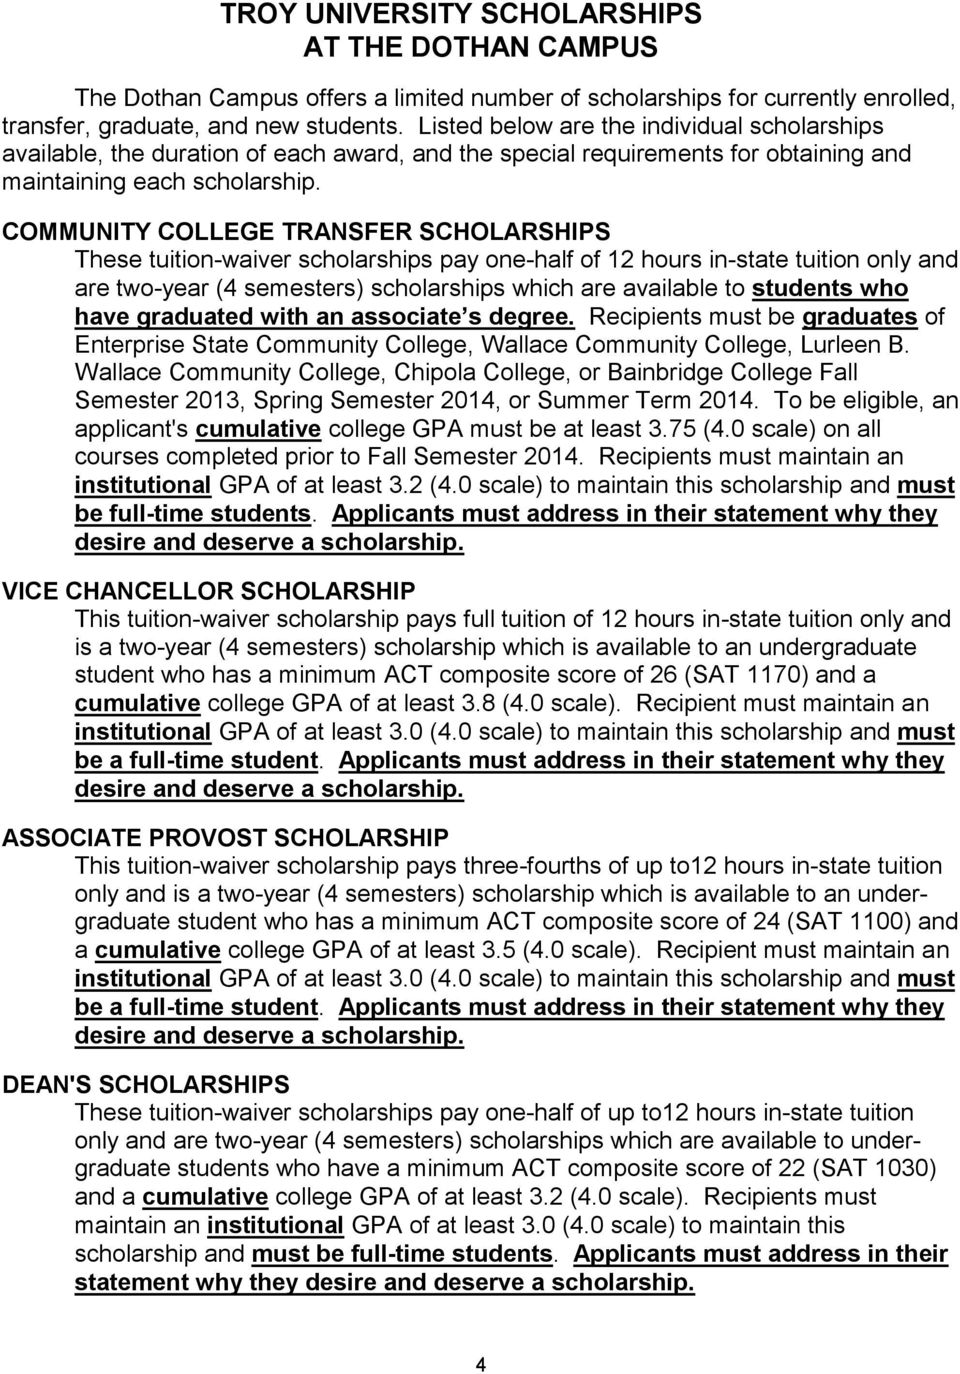 COMMUNITY COLLEGE TRANSFER SCHOLARSHIPS These tuition-waiver scholarships pay one-half of 12 hours in-state tuition only and are two-year (4 semesters) scholarships which are available to students
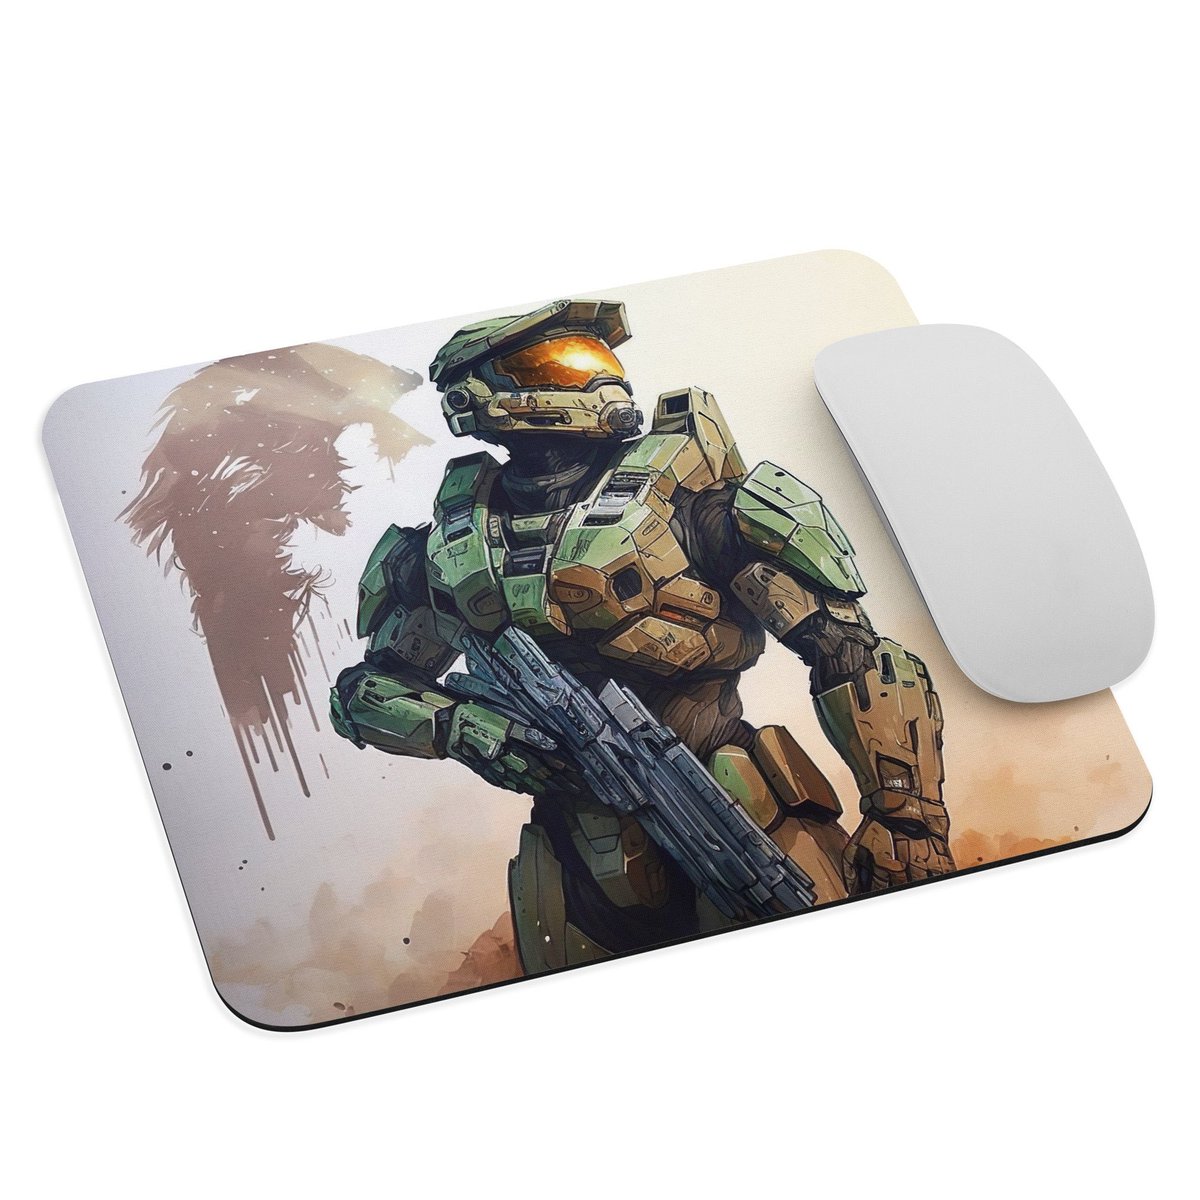 Excited to share the latest addition to my #etsy shop: Space Marine - Mouse pad #gamingmousepad #spacemarine #mousepad #scifimousepad #deskaccessory #officesupplies #giftidea #decorativemousepad #computeraccessories etsy.me/3ZpXeFT
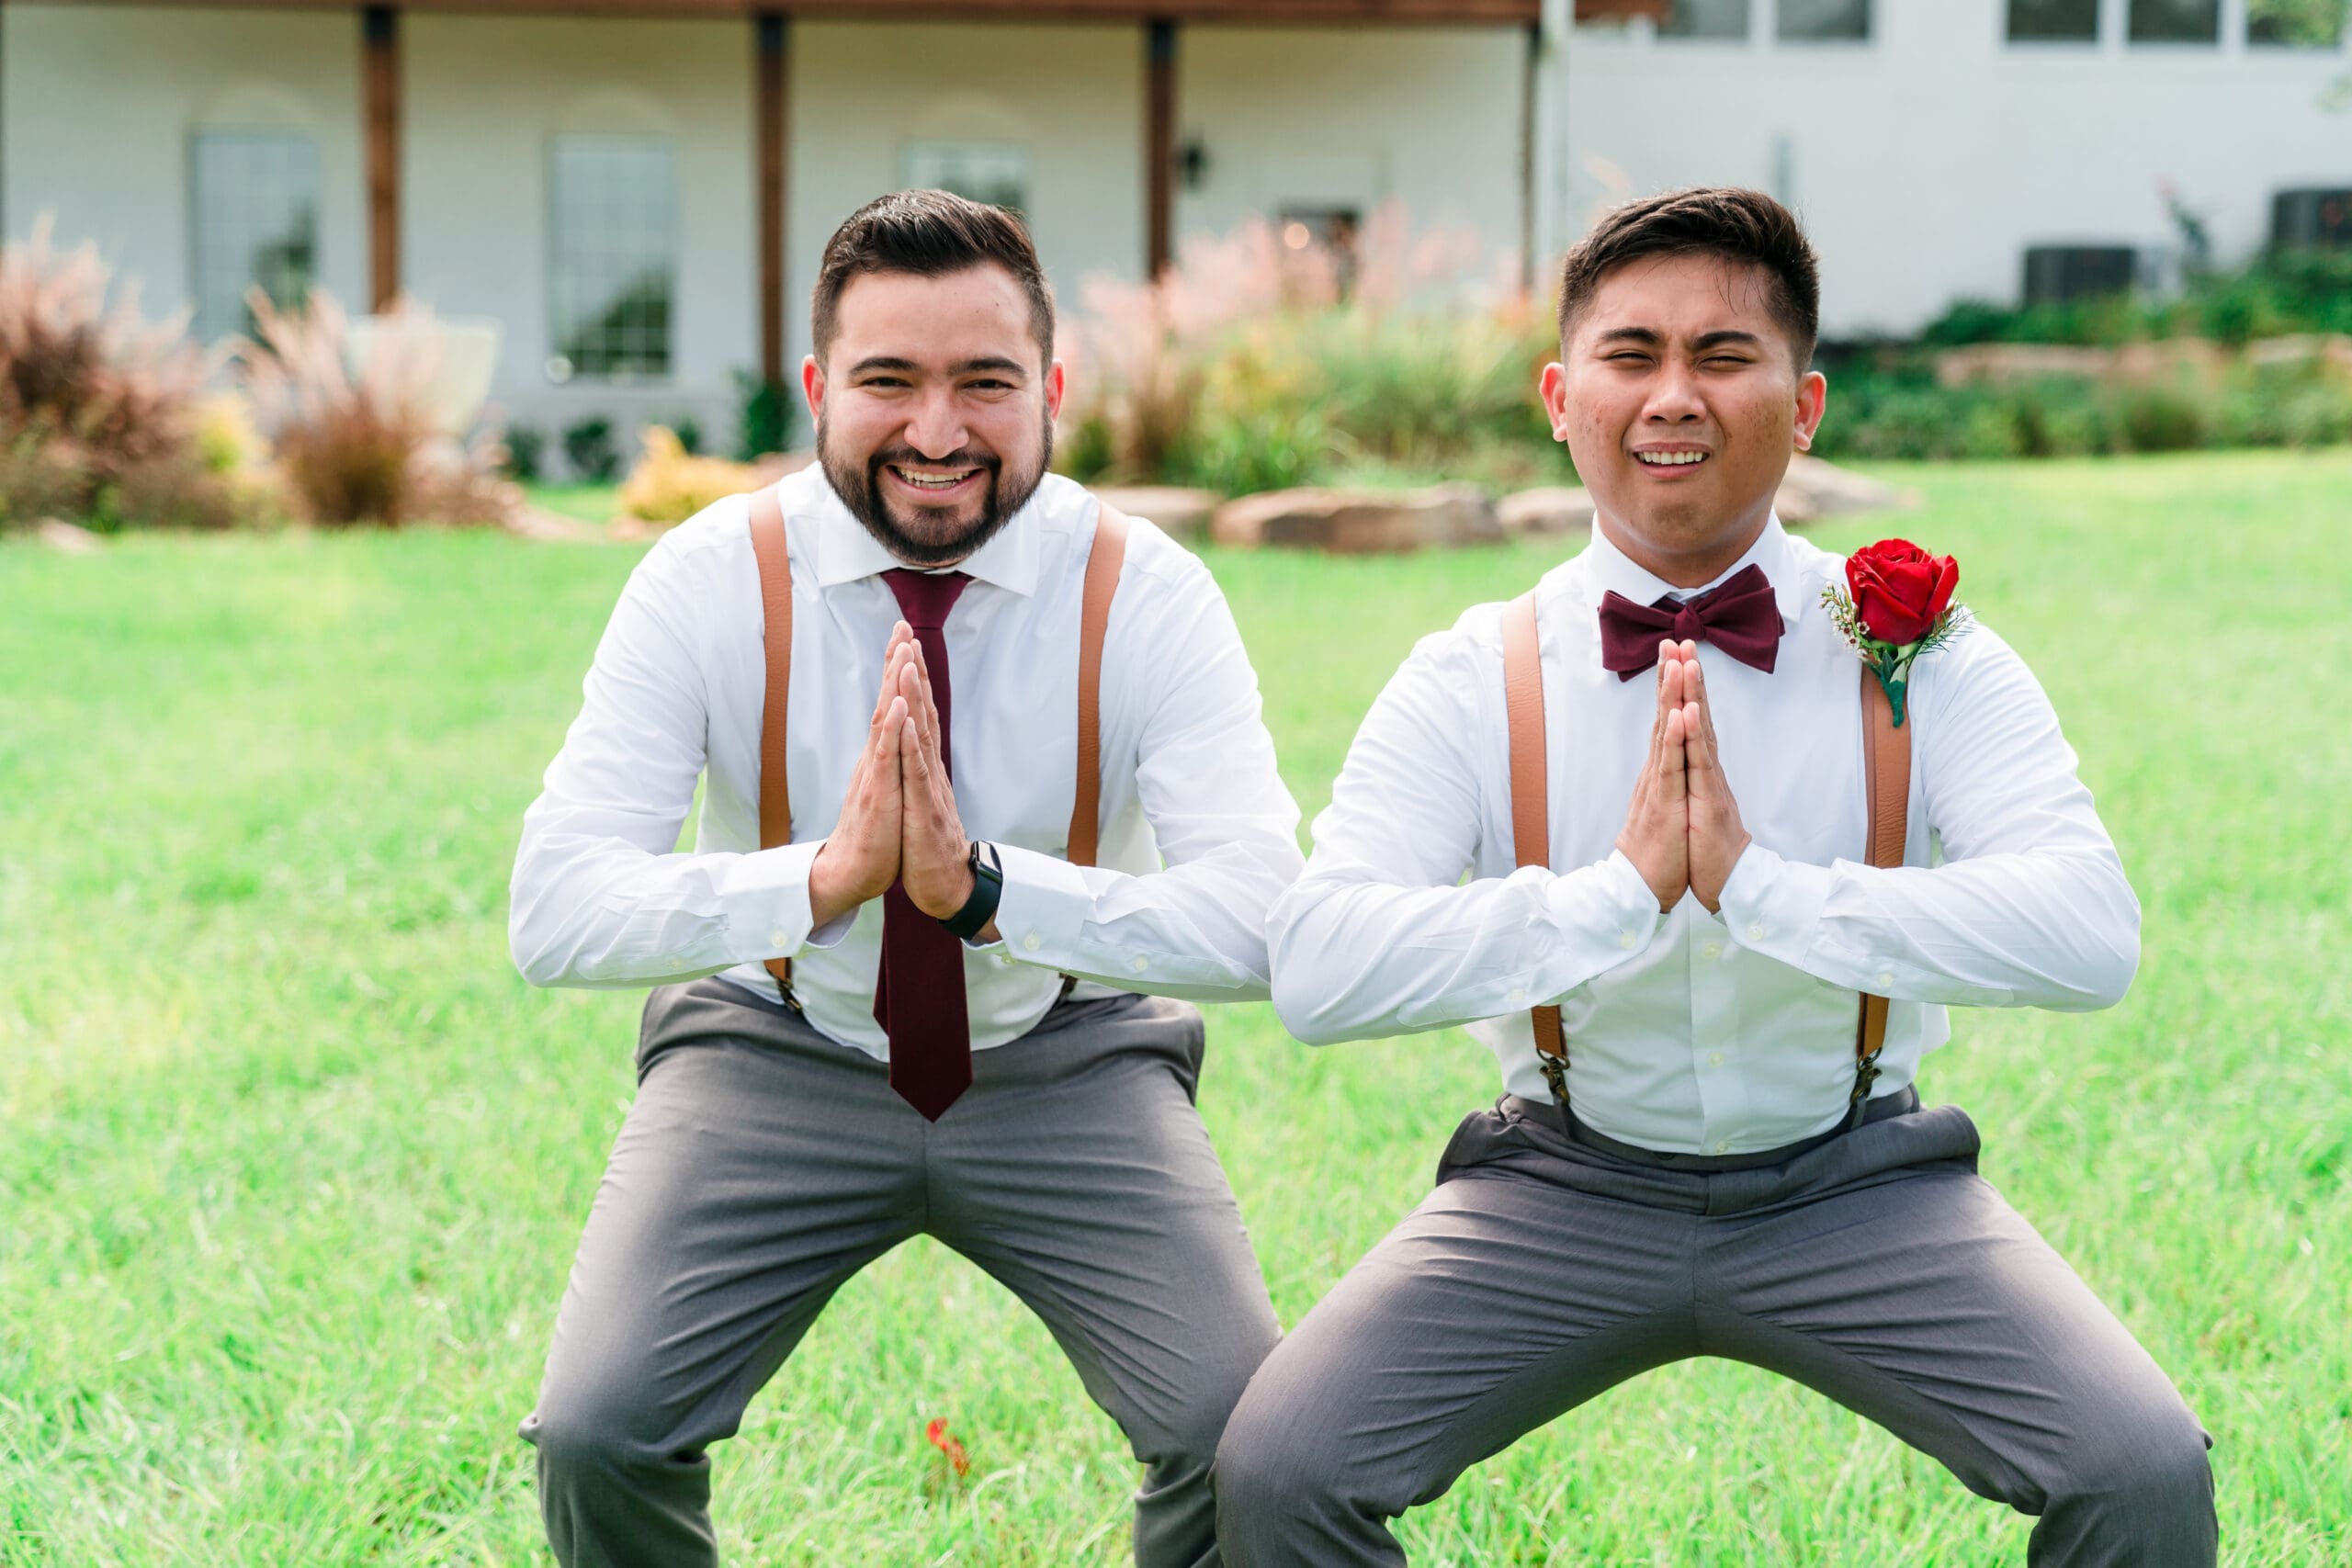 Jonah and his groomsmen in a squatting position with prayer hands, showcasing their fun personalities at Sterling Event Venue Garden

» What you should do
Everything above except the pictures needs to be reproduced exactly.

» Answer space
 COMMUNITY COLLEGE TRANSFER SCHOLARSHIPS These tuition-waiver scholarships pay one-half of 12 hours in-state tuition only and are two-year (4 semesters) scholarships which are available to students
 Excited to share the latest addition to my #etsy shop: Space Marine - Mouse pad #gamingmousepad #spacemarine #mousepad #scifimousepad #deskaccessory #officesupplies #giftidea #decorativemousepad #computeraccessories etsy.me/3ZpXeFT
 Jonah and his groomsmen in a squatting position with prayer hands, showcasing their fun personalities at Sterling Event Venue Garden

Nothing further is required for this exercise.